You ae limiting the list to those things, once it is there, the imagination kicks in. In 1994, most of us thought the web would be like Time's Pathfinder, oh how we under estimated. Trash trucks monitored, traffic flow monitored. There aren't better ways to do these things in smaller cities. You should get out to the heartland sometime John. The country isn't like the Bay area, there is a whole big world out there and not all of it is close to the high tech areas of the Sillycon Valley.

Who do you think the government is, take a look in the mirror. In smaller towns we not only know the mayor, we went to school with him and our kids play with the town councils kids. We are particularly local government. My state house member lives in the next block from me. The Junior US Senator's from my state's little borther and I used to paly poker together in college. In smaller places we actually know these people and they in fact are us.

Quite right, and nothing wrong with taxes buying a useful service and piggy backing on cheaply provided wireless.

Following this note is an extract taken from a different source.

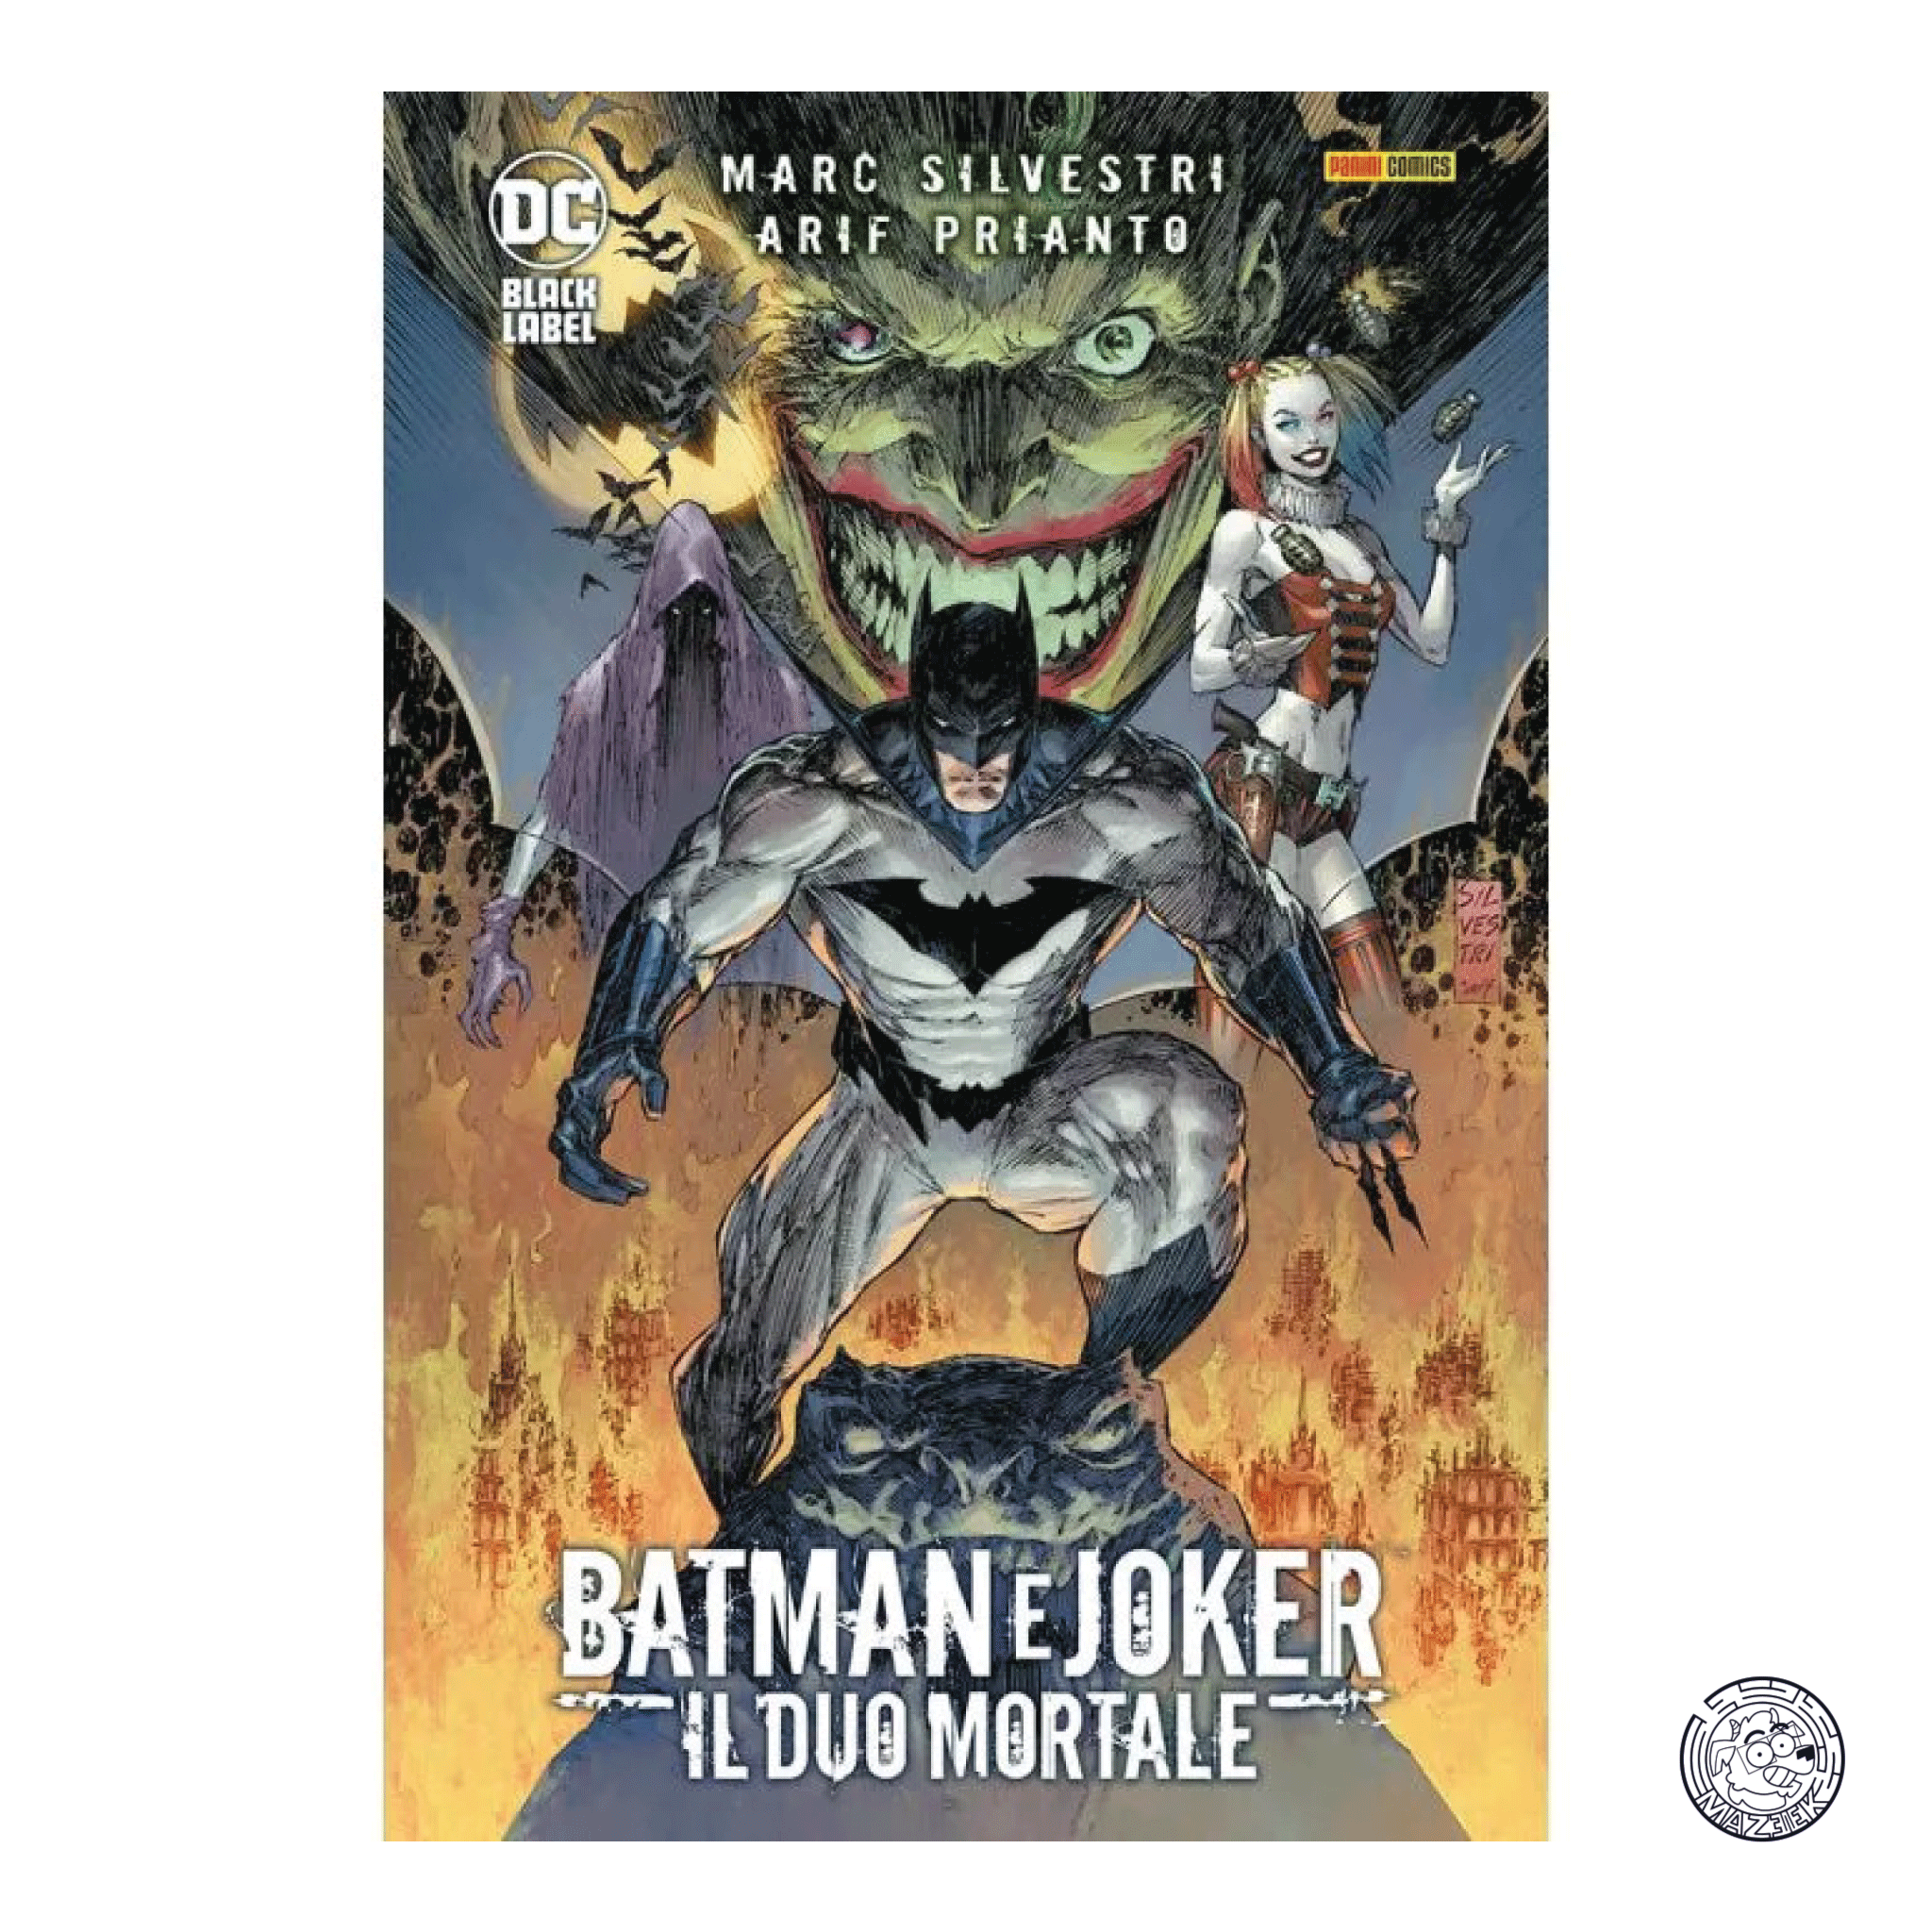 Batman and Joker – The Deadly Duo

Spoken like someone who has not had the kids sent home with assignments to look things up on the web. A lot of parents will disagree with you on that one. But hey if dial-up works for you, more power to you (oops you aren't on dial up I see, oh well)

Servvice is using the products of the R&D, surprising how narrow and small your world seems to be in reality. You need to broaden your horizons, get out more...

You haven't explained as your examples in previous poists actually suggest you have little understanding of communism in the first place, you just toss out the term in knee jerk ask. The commons are precisely an area where government should be involved making sure ALL are allowed to take advantage instead of the elite few.

Except government according to your theory.

The point is, it is decidely NOT cheap.

-- as a result of competition, not government

Without government interevention, there would be no Internet.

fundamentalism, fundamentally wrong.

Reply to
Rico

What compition in the first place, you have two players where I live for Internet access, BellSouth and Charter (Paul Allen's cable company). That is it. There are those who try to lease bandwidth from BS and resell it, but they have to scramble like crazy to work around the obsticles BS puts up to weaken their postion as resellers. Now if there were REAL compition, that would be one thing, but the phone company and the cable company are shielded (by government) from real compition. Can't just willy nilly string wire and put up new poles in my state. So at best you have to buy bandwidth from the monopolies. The problem BS is trying to head off is compitition they know they can't really compete on a level playing field.

fundamentalism, fundamentally wrong.